When I use the
n0 <- nls(Y~expo.der(x, A, B, C), data=dados_Indice, start=start, na.omit(NA), trace = TRUE)
expo.der is the name of the created function that defines the formula used in the regression, I changed it to MM
MM <- deriv3(~(A*x/(B+x))+C,c("A", "B", "C"),function(x, A, B, C) NULL)
On the start values I'm using
(A)0.9707976, (B)14.50896 e (C) 0.02920242
As previously requested output to > dput (head (index_data, 20)) is
structure(list(Y = c(0.504968267320704, 0.580320008623638, 0.591987263077176,
0.507128952150783, 0.471443542762971, 0.487690808524229, 0.550025947056627,
0.517020993324232, 0.649271477040753, 0.543409645706519, 0.476085216626585,
0.420887866612052, 0.587785676649722, 0.546330880659742, 0.598972408502253,
0.60582105500102, 0.537834815210853, 0.535468008413421, 0.532758019489451,
0.471561274553937), x = c(20, 20, 20, 20, 20, 20, 20, 20, 20,
20, 20, 20, 20, 20, 20, 20, 20, 20, 20, 20)), .Names = c("Y",
"x"), row.names = c(NA, 20L), class = "data.frame")

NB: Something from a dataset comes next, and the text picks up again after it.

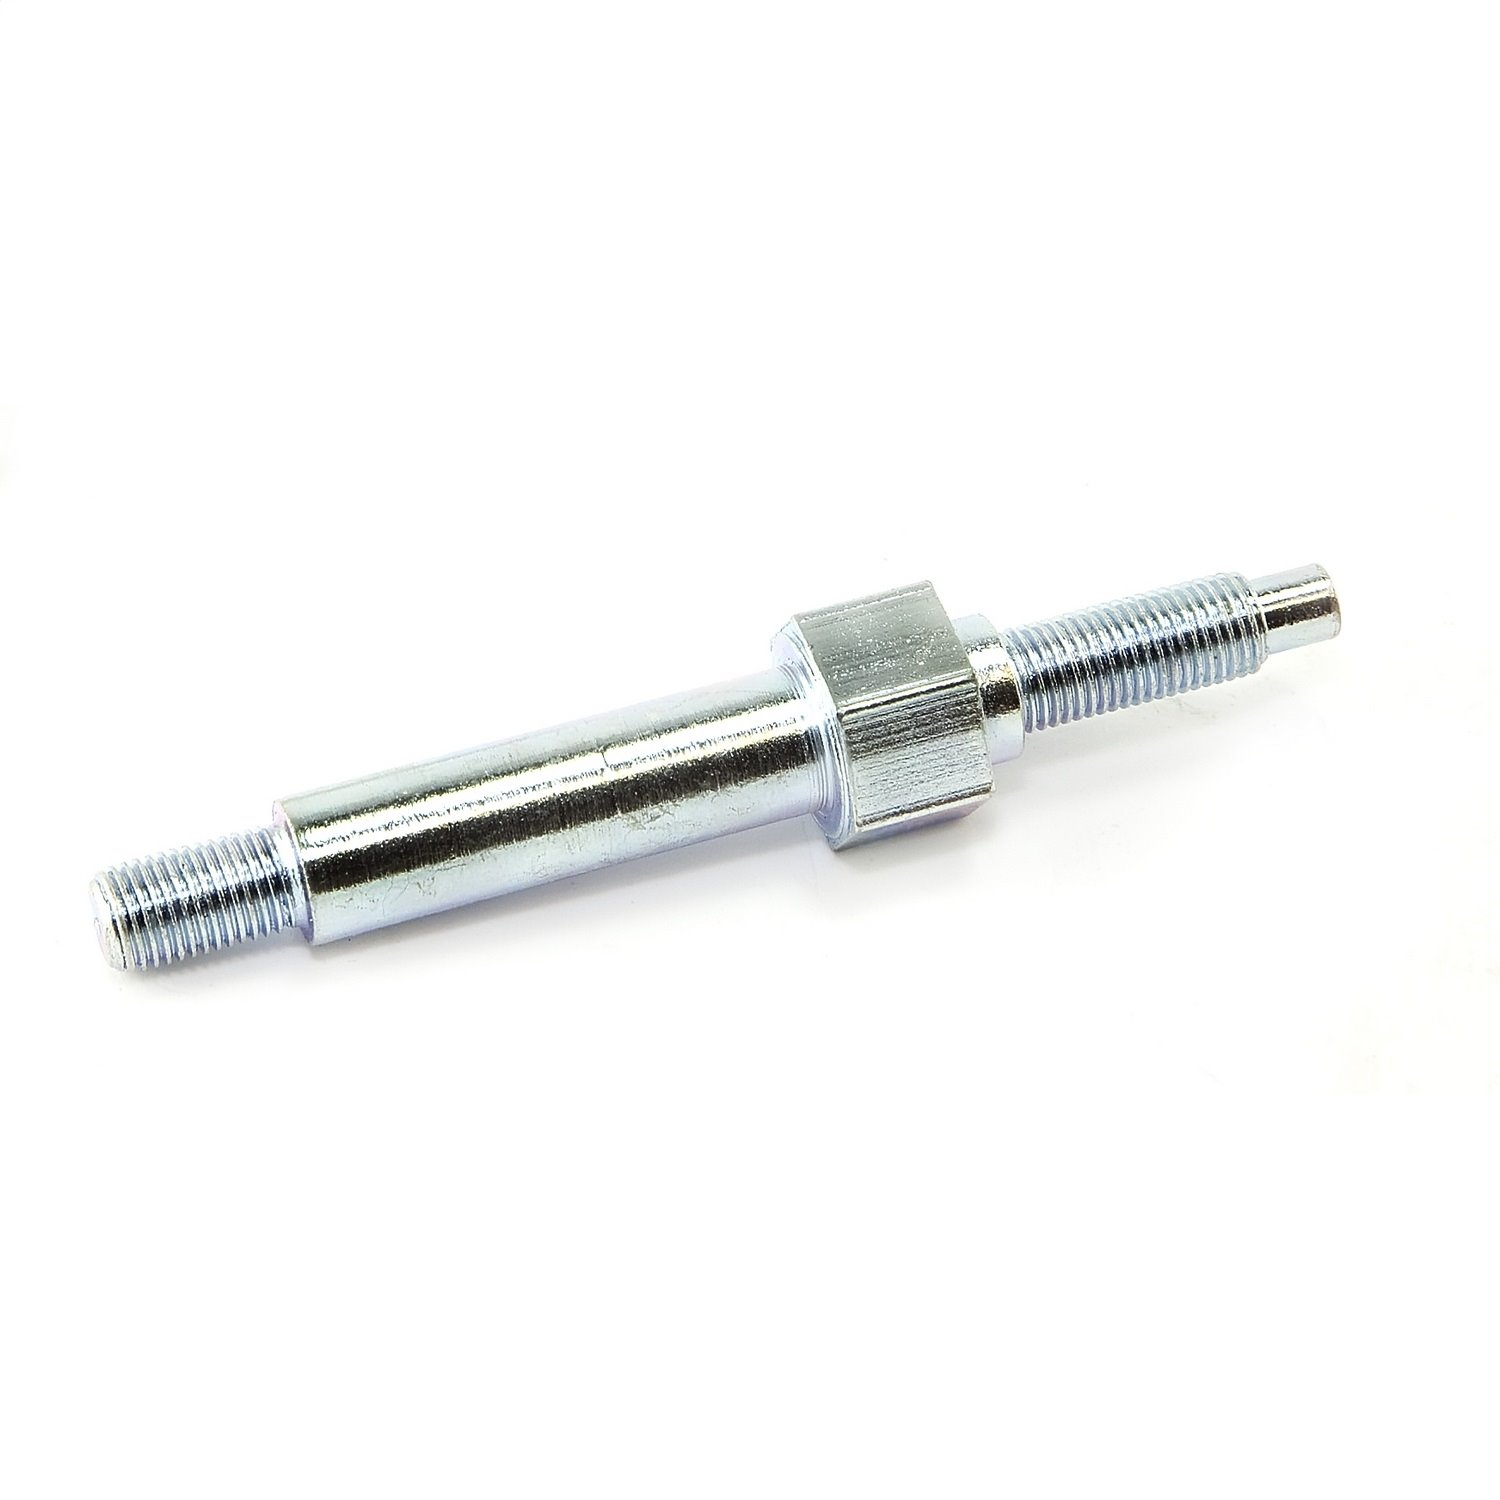 This transmission stabilizer stud from Omix-ADA fits 72-86 Jeep CJs 76-90 SJ SUVs and J-Series trucks and 87-95 Wrangler YJ .

The algorithm returns an error because it exceeds the maximum number of iterations. Querying some alternatives, the recommended solution was to include the nls.control
command as an attribute of the nls
method, so the result was the command below
n0 <- nls(Y~MM(x, A, B, C), data=dados_Indice, start=start, control=nls.control(maxiter = 200, tol = 1e-05, minFactor = (1/2)^30), trace = TRUE, na.omit(NA))
However, after these changes, when you run the above command, it returns the following error:
Error in match.arg(algorithm) : 'arg' must be NULL or a character vector
Why is this error displayed? And what can I do to bypass it by running the nls
function, according to the established control?